Key points in the bill include stricter bail measures. Police and courts are instructed not to release accused individuals if doing so could endanger victims, witnesses or the public. Judges are now required to consider whether alleged crimes involved random or unprovoked violence before granting bail.
The reforms follow several high-profile cases where individuals on bail committed serious violent offences, providing anecdotal support for keeping more people, supposedly presumed innocent, behind bars. Cases often cited include the murders of Bailey McCourt and OPP Const. Grzegorz Pierzchala. McCourt, a Kelowna, B.C., woman, was allegedly murdered by her ex-husband, who had just been charged with assault and released on bail. Critics of the current system also refer to the man convicted of murdering Pierzchala in December 2022, who faced numerous assault charges and was on bail at the time of the officer’s death.
Although statistical evidence shows that violent crime is decreasing, it seems that the perception of insecurity is more persuasive than real danger.

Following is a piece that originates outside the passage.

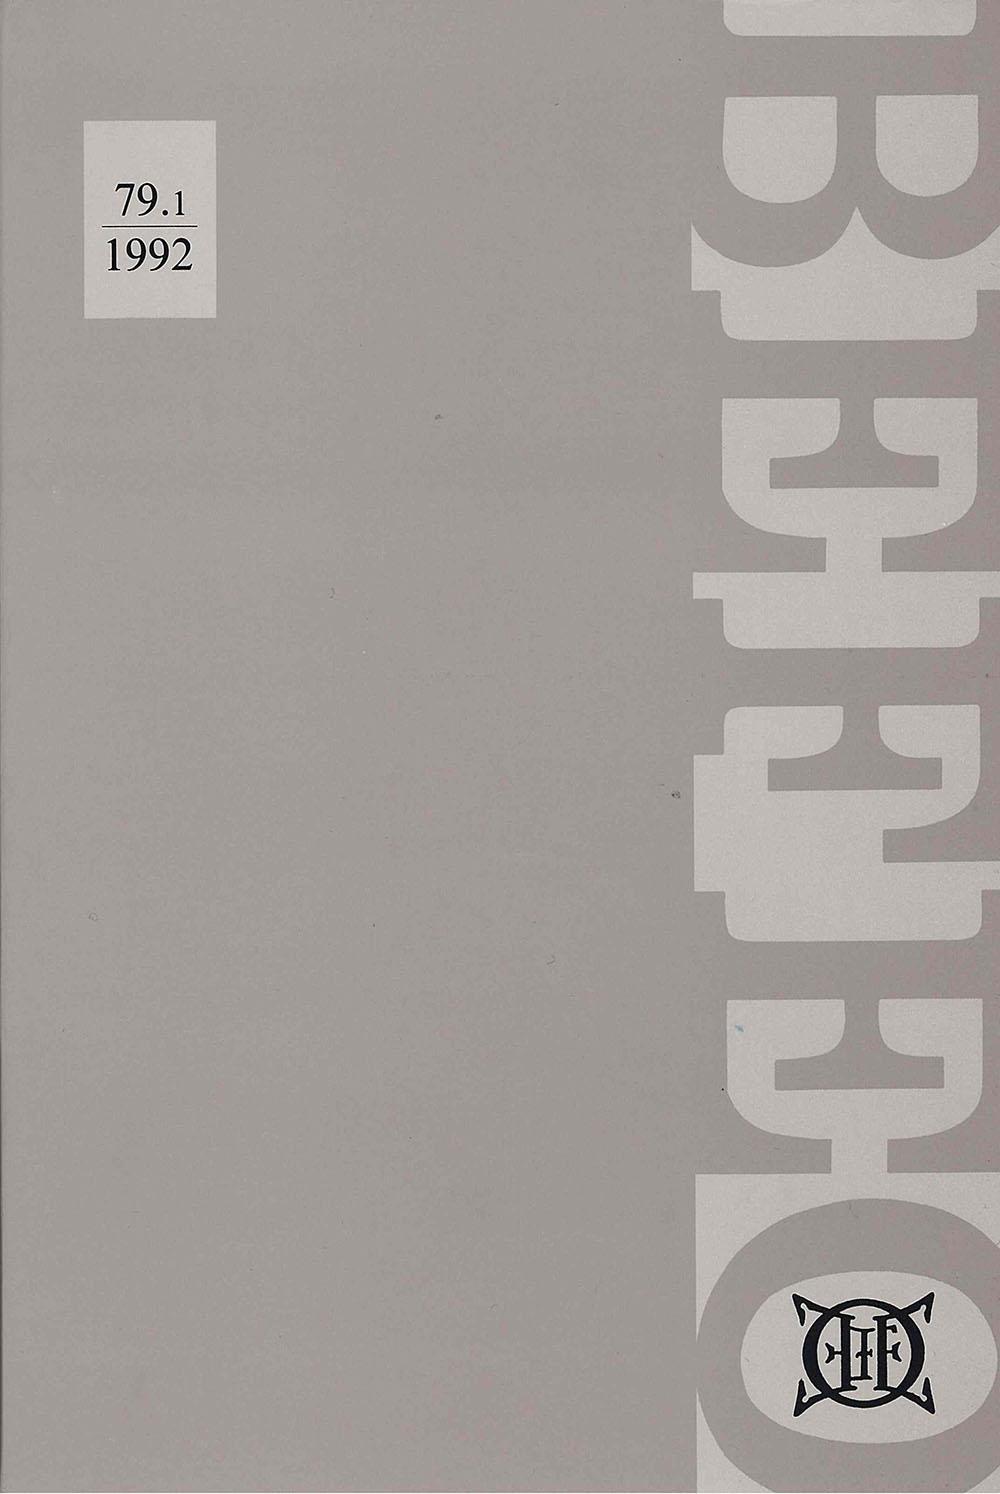 Bulletin de l'Ecole française d'Extrême-Orient 79.1 (1992)

The proposed legislation also suggests sentencing changes. Courts will be expected to hand down harsher penalties for repeat and violent offenders. The bill introduces consecutive sentences, requiring offenders to serve multiple prison terms one after the other instead of at the same time. The idea of imposing consecutive sentences reminds us of the Supreme Court’s decision in R. v. Bissonnette, 2022 SCC 23, when a previous “get tough on crime” government sought consecutive sentences for multiple murders.

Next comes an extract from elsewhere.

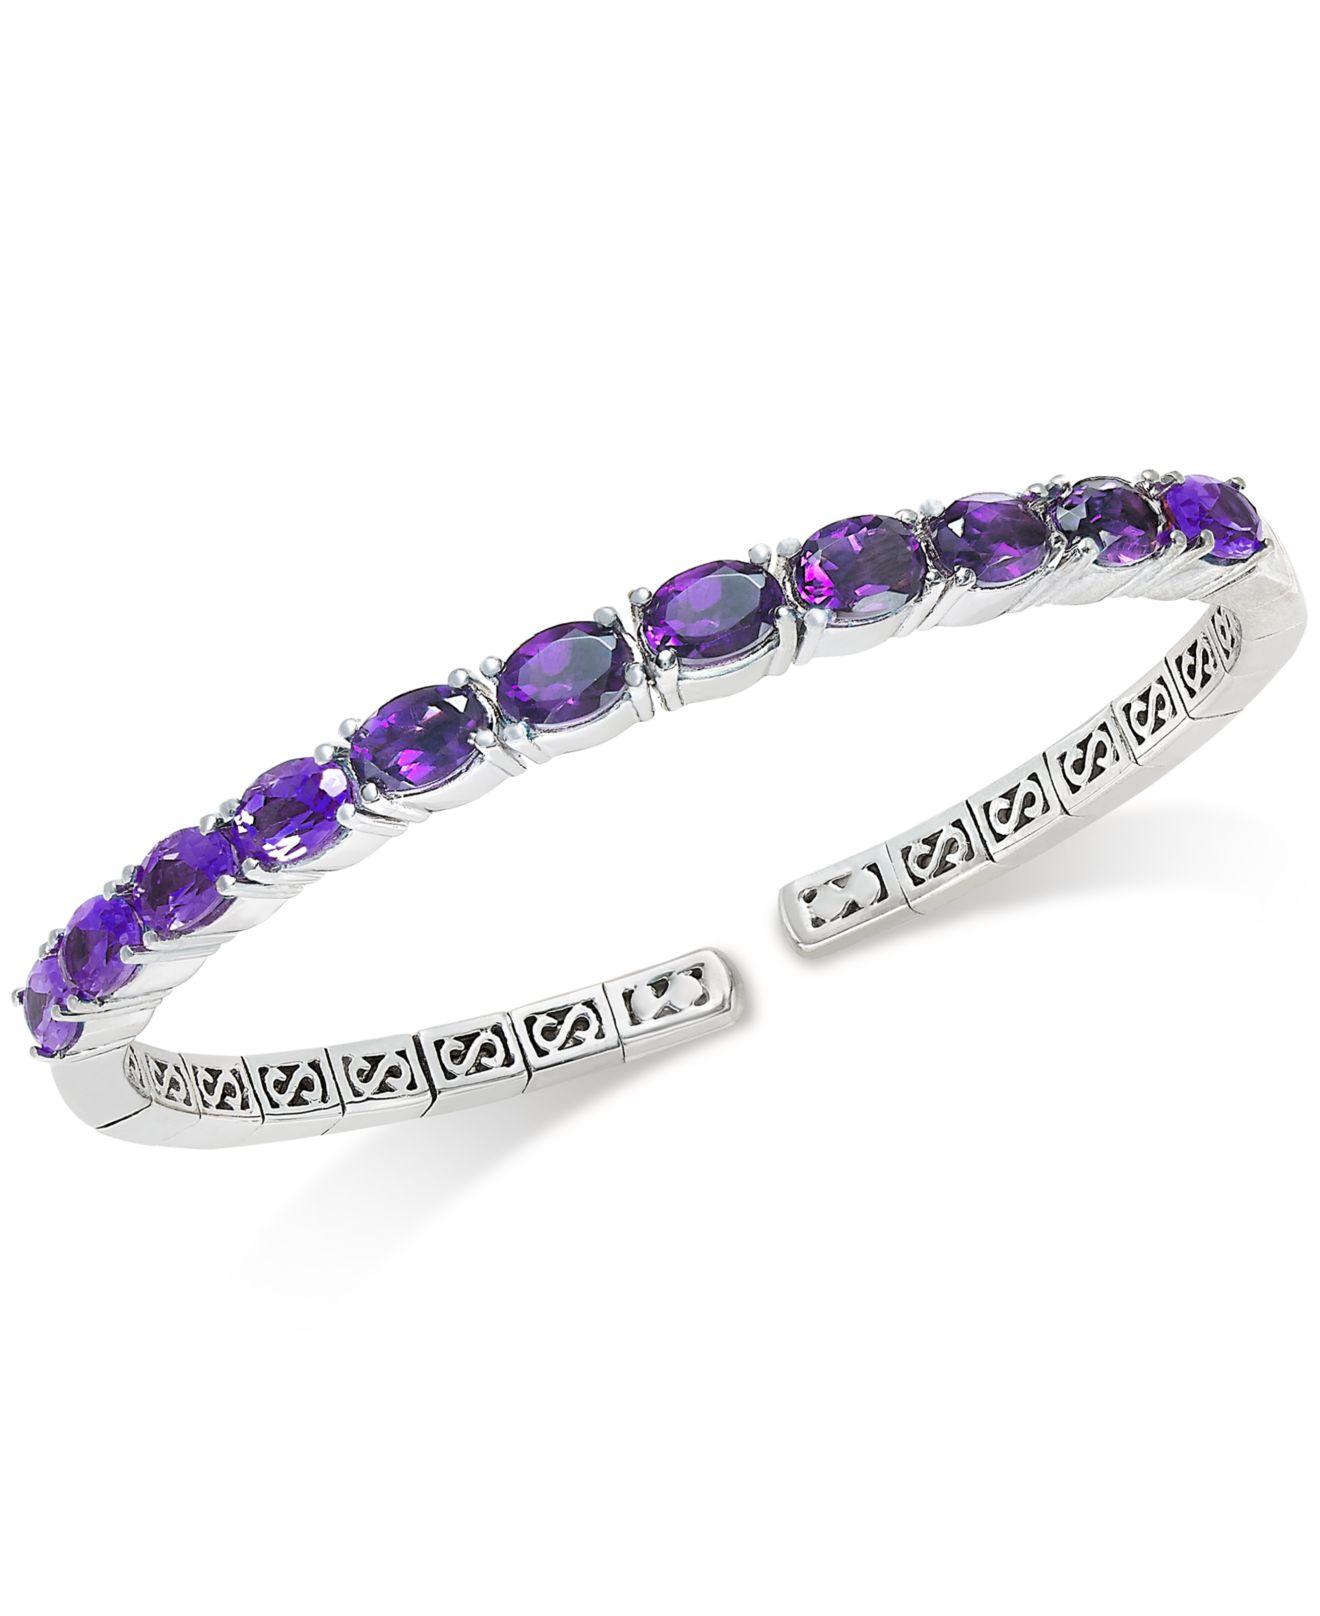 macy s amethyst bangle bracelet 5 1 2 ct t w

Although Bill C-14 addresses lesser crimes than murder, it is important to recall the principles outlined by the Supreme Court when striking down the legislation. The court unanimously declared the law unconstitutional because it was grossly disproportionate and incompatible with human dignity. Even for the most heinous offences, Canadian law must allow for a “realistic possibility of release” as long as the offender is alive. Denying that chance or delaying eventual release to the point where it becomes meaningless treats the person as beyond redemption, which the court stated is contrary to Charter values.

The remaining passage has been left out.